The Meme Machine
- Author: Susan Blackmore
- Subject: Memetics
- Publisher: Oxford University Press
- Publication date: 8 April 1999
- Media type: Print
- Pages: 288
- ISBN: 0-19-286212-X
- OCLC: 52855410

= The Meme Machine =

1999 science book by Susan Blackmore

The Meme Machine is a popular science book by Susan Blackmore on the subject of memes. Blackmore attempts to constitute memetics as a science by discussing its empirical and analytic potential, as well as some important problems with memetics. The first half of the book tries to create greater clarity about the definition of the meme as she sees it. The last half of the book consists of a number of possible memetic explanations for such different problems as the origin of language, the origin of the human brain, sexual phenomena, the Internet and the notion of the self. These explanations, in her view, give simpler and clearer explanations than trying to create genetic explanations in these fields.

The idea of memes, and the word itself, were originally speculated by Richard Dawkins in his book The Selfish Gene although similar, or analogous, concepts had been in currency for a while before its publishing. Richard Dawkins wrote a foreword to The Meme Machine.

In the book, Blackmore examines the difficulties associated with the meme including its definition and how to spot one as well as the difficulties which arise from seeing it as being like the gene. She sees the meme in terms of being a universal replicator, of which the gene is but an example, rather than being like the gene itself. Universal replicators possess three key characteristics: high fidelity replication, high levels of fecundity (and therefore many copies) and longevity. She believes that while memes have attained/evolved a sufficiently high level of these characteristics to qualify as replicators, they are not as effective replicators as genes, based on these key characteristics.
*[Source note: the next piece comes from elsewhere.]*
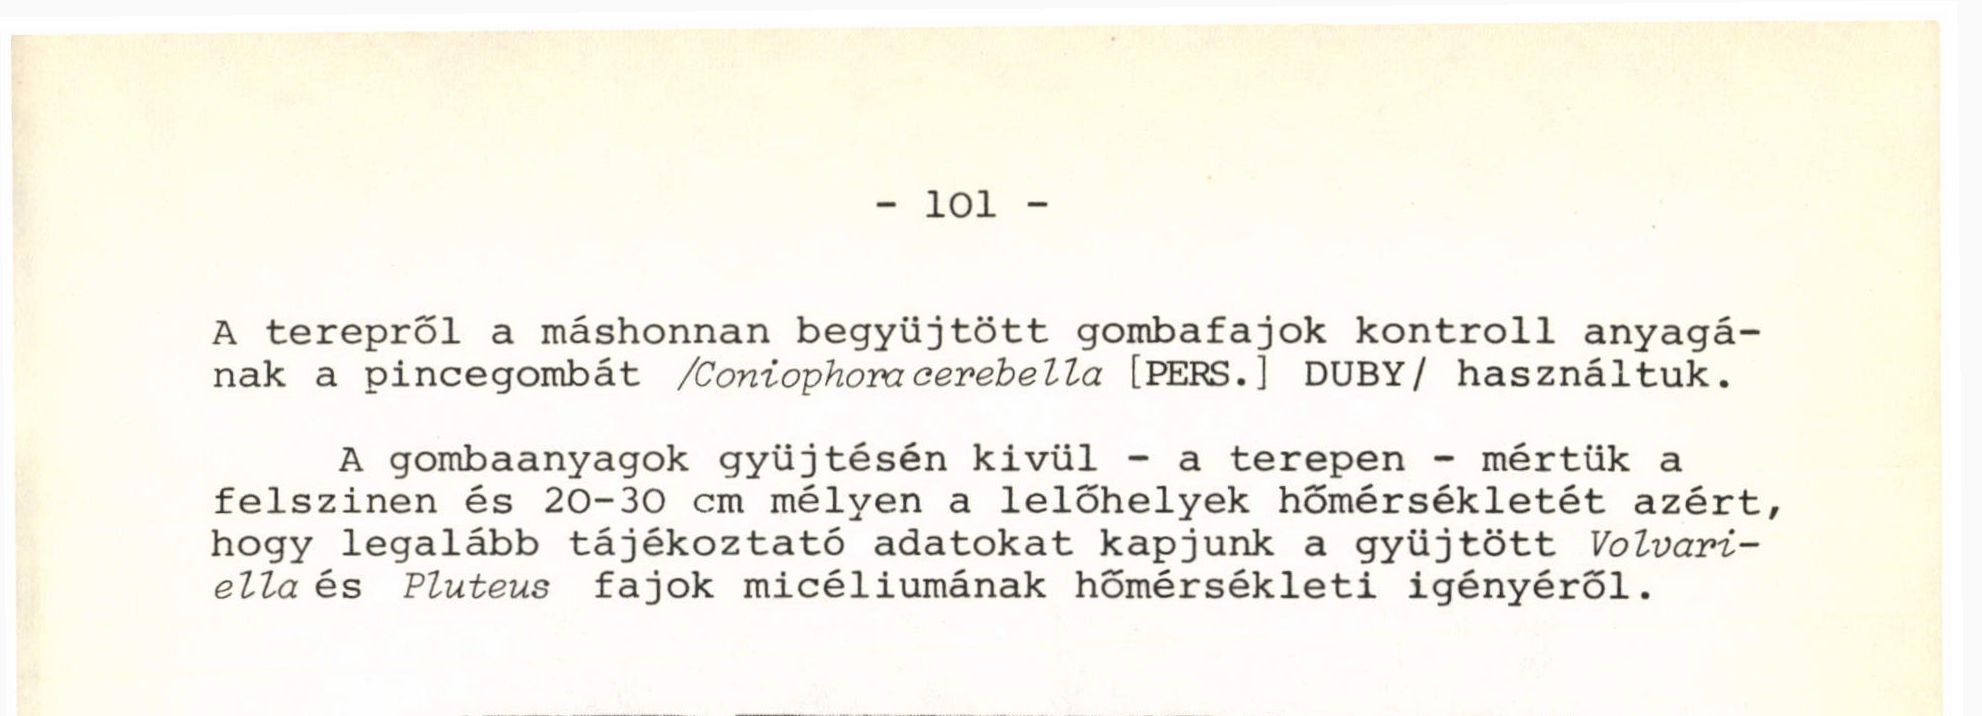 Vinye Sándor major /Bakonyszentlászló/ - 1981. május 10. 1.2

While others have accepted the possible existence of memes, they are sometimes seen as subordinate to genes. The author suggests that this is not the case now and that memes are independent replicators. Indeed, she suggests that memes may now in some cases be driving genetic evolution and be the cause of the abnormally large brain in Homo sapiens. Blackmore notes that human brains began expanding in size at about the same time that we started using tools and suggests that once individuals began to imitate each other, selection pressure favored those who could make good choices on what to imitate, and could imitate intelligently.

==Terminology==
In the book, Blackmore tries to create a consistent vocabulary, since memetics has had a wide range of different terminologies and therefore, in Blackmore's opinion, many misleading concepts. Some of the terms that are central in her book include:
- Copy-the-product: e.g. make a copy of the soup. This is more prone to error since it requires an analytic capability of the soup itself and then a synthetic ability to combine the recognised elements. Any inserted errors will be passed on in the event of this copy of a soup being copied.
- Copy-the-instructions: e.g. make a copy of the soup recipe. This is less error prone since the important elements of the soup are already identified and the synthetic method explained. Any errors in using the recipe will not be passed on to future copiers since they will receive the recipe itself.
- Meme Fear: The idea that we are vessels for memes unacceptably undermines the popular understanding of free will and autonomy.
- Memeplex: Memes that are replicated together, such as religions and cultures.
- Memetic Theory of Altruism: She proposes that meme theory explains altruism better than genetics. That other things being equal, more people will observe altruistic behavior than selfish behavior, will like the altruistic person better than the selfish one, and will be more likely to adopt the behaviors of the altruistic person than the selfish one.

==Reception==
Writing for The New York Times, Robert Wright gave his insight regarding the book, commenting that "her enthusiasm for memes gets the better of her", leading to Blackmore disregarding aspects of evolutionary fitness and biology. He criticizes her for neglecting previous research in anthropology and biology, while praising her for giving good insights into modern life and culture.